1. [Mandatory] Do not use COUNT(column_name) or COUNT(constant_value) in place of COUNT(*). COUNT(*) is SQL92 defined standard syntax to count the number of rows. It is not database specific and has nothing to do with NULL and non-NULL.

Note: COUNT(*) counts NULL row in, while COUNT(column_name) does not take NULL valued row into consideration.

2. [Mandatory] COUNT(distinct column) calculates number of rows with distinct values in this column, excluding NULL values. Please note that COUNT(distinct column1, column2) returns 0 if all values of one of the columns are NULL, even if the other column contains distinct non-NULL values.

3. [Mandatory] When all values of one column are NULL, COUNT(column) returns 0, while SUM(column) returns NULL, so pay attention to NullPointerException issue when using SUM().

Positive example: NPE issue could be avoided in this way:
SELECT IF(ISNULL(SUM(g)), 0, SUM(g)) FROM table;

4. [Mandatory] Use ISNULL() to check NULL values. Result will be NULL when comparing NULL with any other values.

Note: 
  1) NULL<>NULL returns NULL, rather than false.
  2) NULL=NULL returns NULL, rather than true.
  3) NULL<>1 returns NULL, rather than true.

5. [Mandatory] When coding on DB query with paging logic, it should return immediately once count is 0, to avoid executing paging query statement followed.

6. [Mandatory] Foreign key and cascade update are not allowed.
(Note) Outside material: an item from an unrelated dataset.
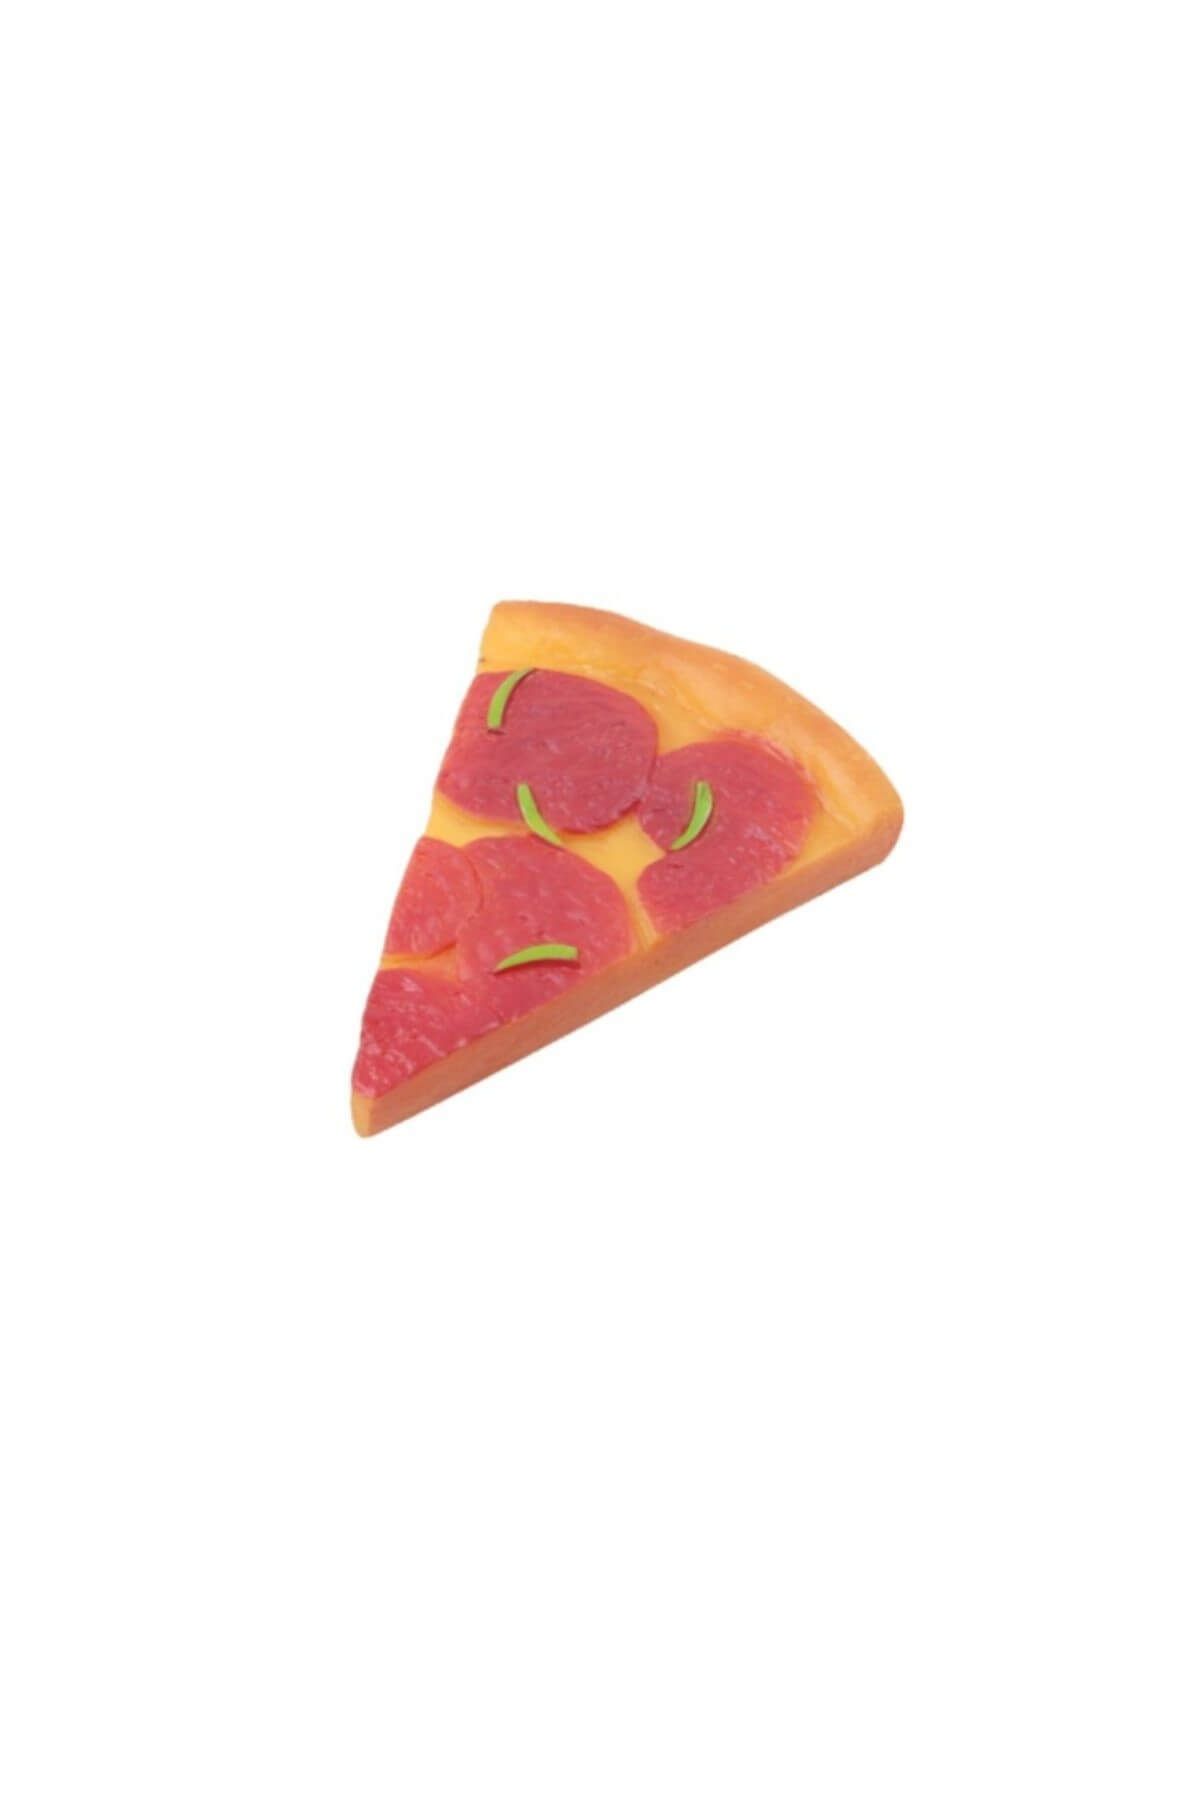 Pawise 14124 Pizza Dilimi Köpek Oyuncağı 11 cm

All foreign key related logic should be handled in application layer.

Note: e.g. Student table has student_id as primary key, score table has student_id as foreign key. When student.student_id is updated, score.student_id update is also triggered, this is called a cascading updateForeign key and cascading update are suitable for single machine, low parallel systems, not for distributed, high parallel cluster systems. Cascading updates are strong blocked, as it may lead to a DB update storm. Foreign key affects DB insertion efficiency.

7. [Mandatory] Stored procedures are not allowed. They are difficult to debug, extend and not portable.
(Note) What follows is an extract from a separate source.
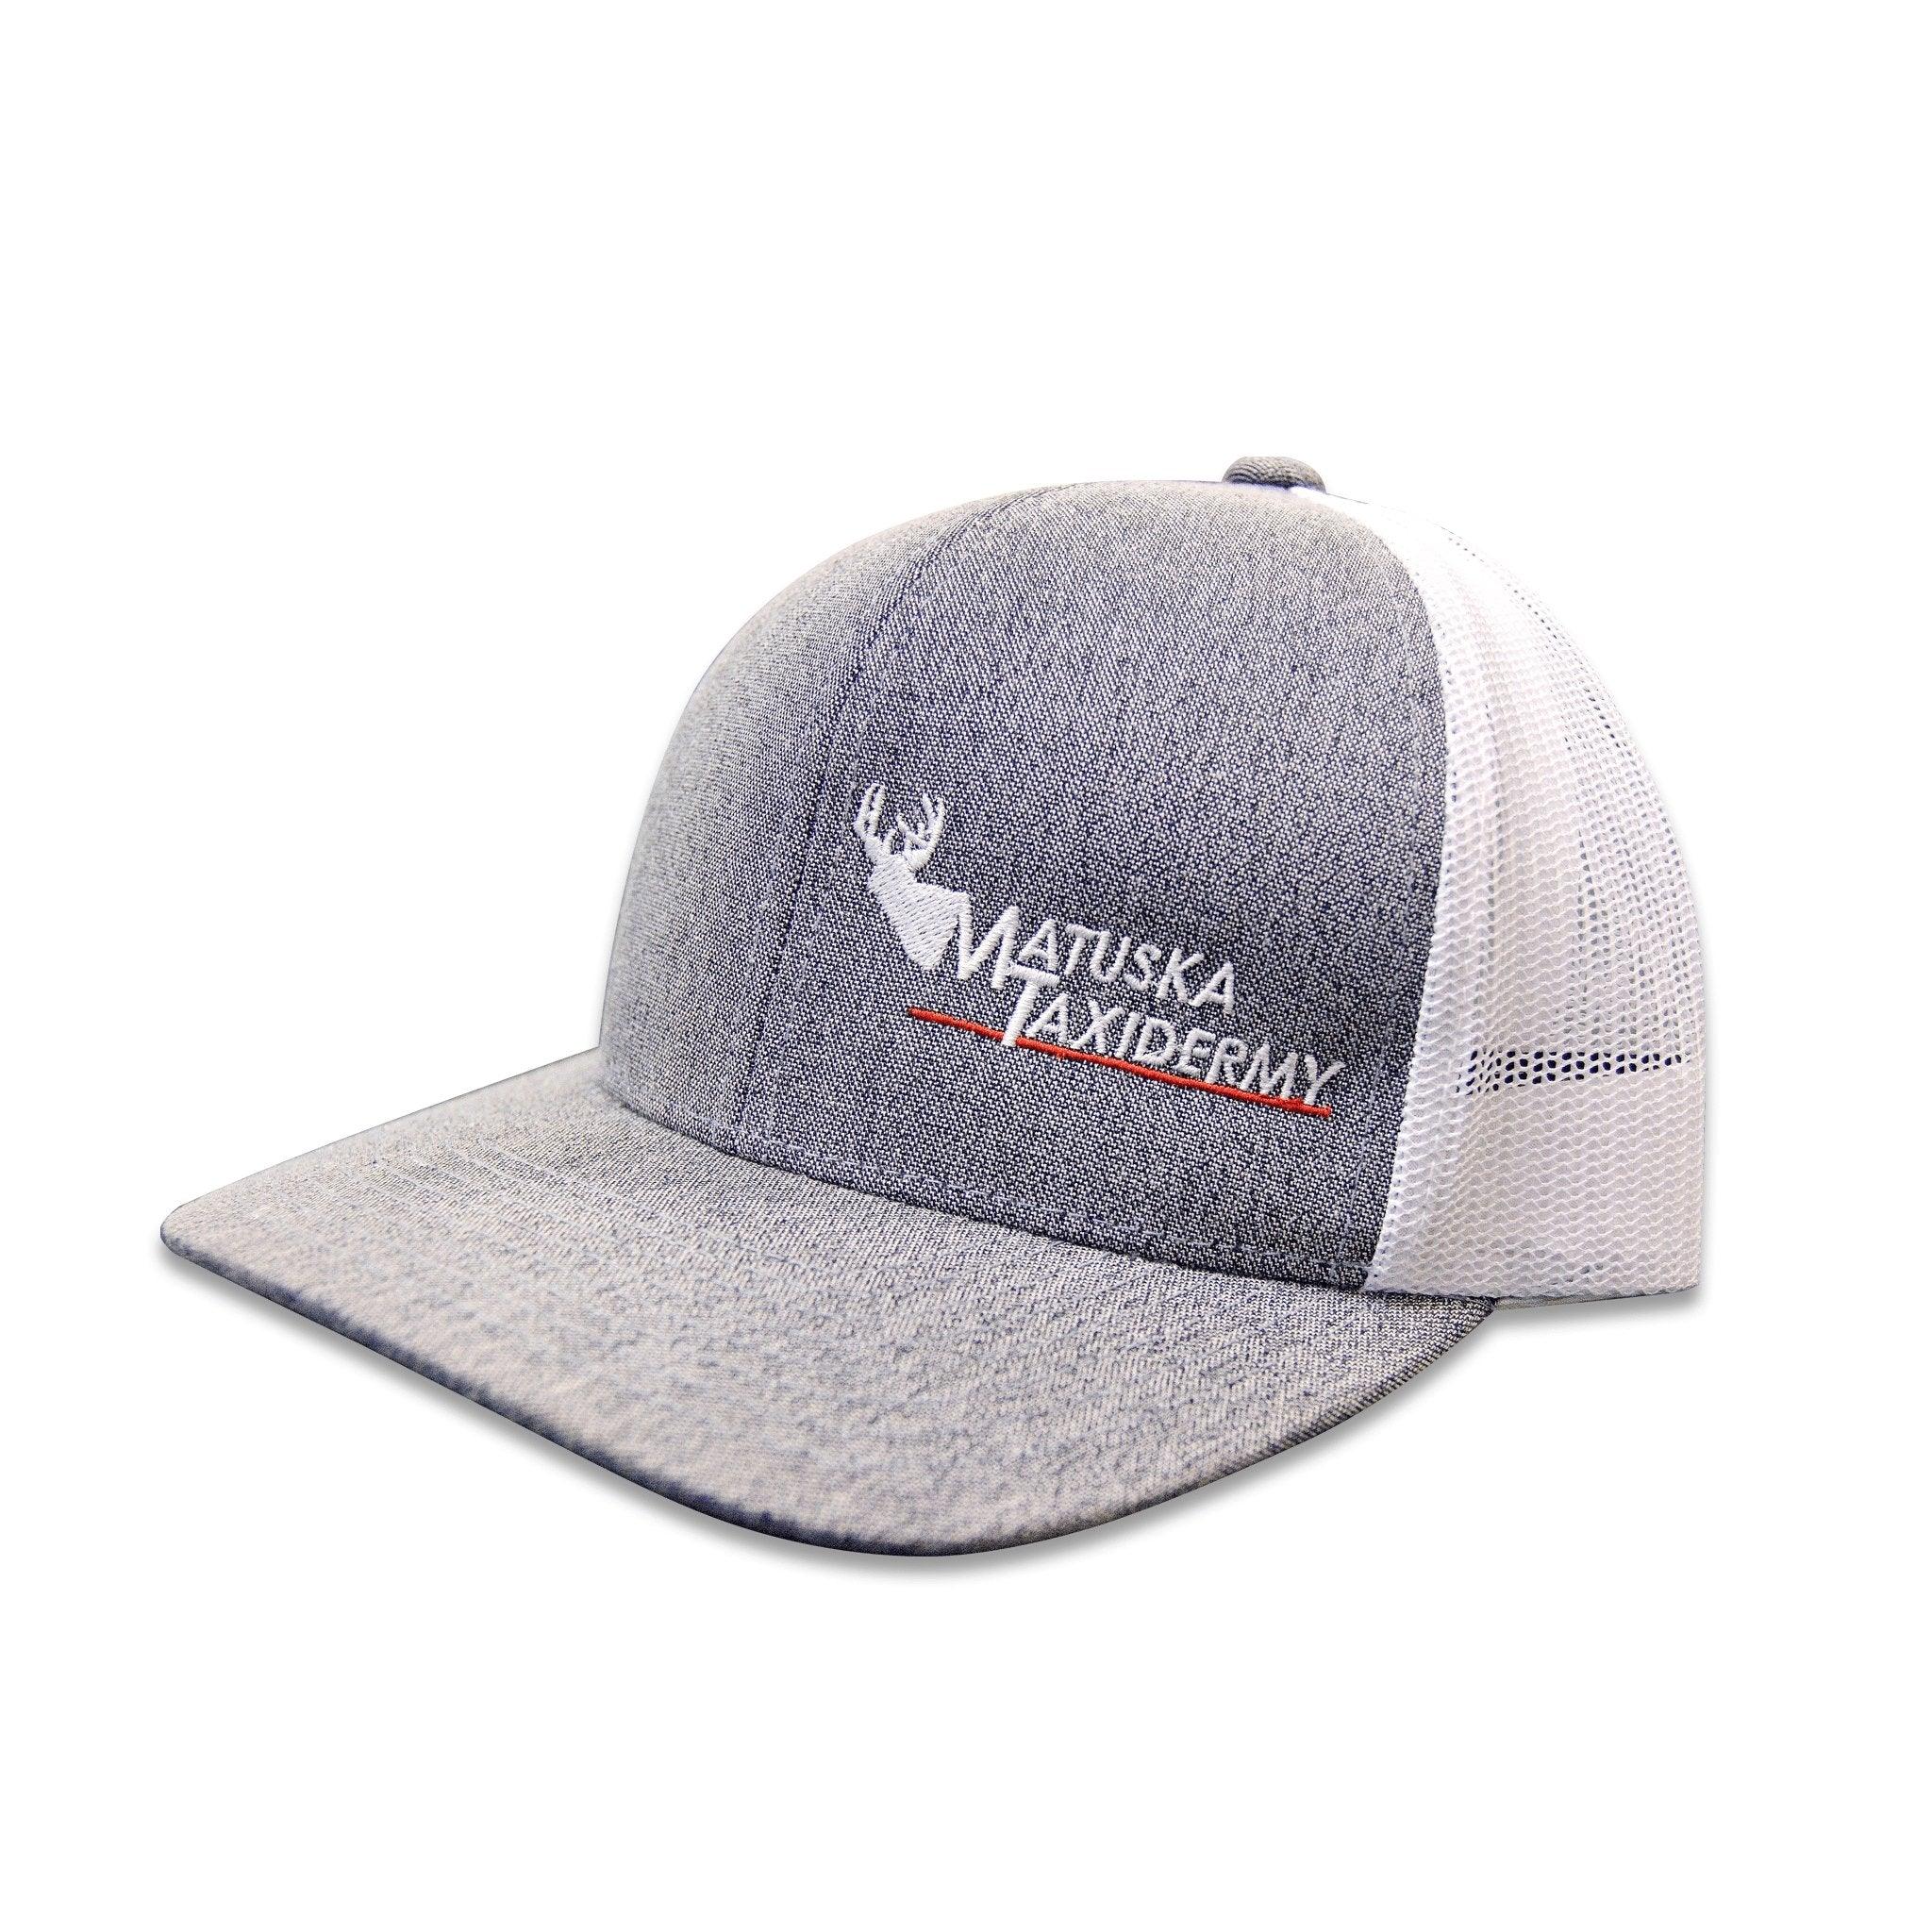 Flexi Fit Grey Snapback Cap - Matuska Taxidermy Supply Company

8. [Mandatory] When correcting data, delete and update DB records, SELECT should be done first to ensure data correctness.

9. [Recommended] IN clause should be avoided. Record set size of the IN clause should be evaluated carefully and control it within 1000, if it cannot be avoided.

10. [For Reference] For globalization needs, characters should be represented and stored with UTF-8, and be cautious of character number counting.

Note: SELECT LENGTH("轻松工作"); returns 12.
SELECT CHARACTER_LENGTH("轻松工作"); returns 4.
Use UTF8MB4 encoding to store emoji if needed, taking into account of its difference from UTF-8.

11. [For Reference] TRUNCATE is not recommended when coding, even if it is faster than DELETE and uses less system, transaction log resource. Because TRUNCATE does not have transaction nor trigger DB trigger, problems might occur.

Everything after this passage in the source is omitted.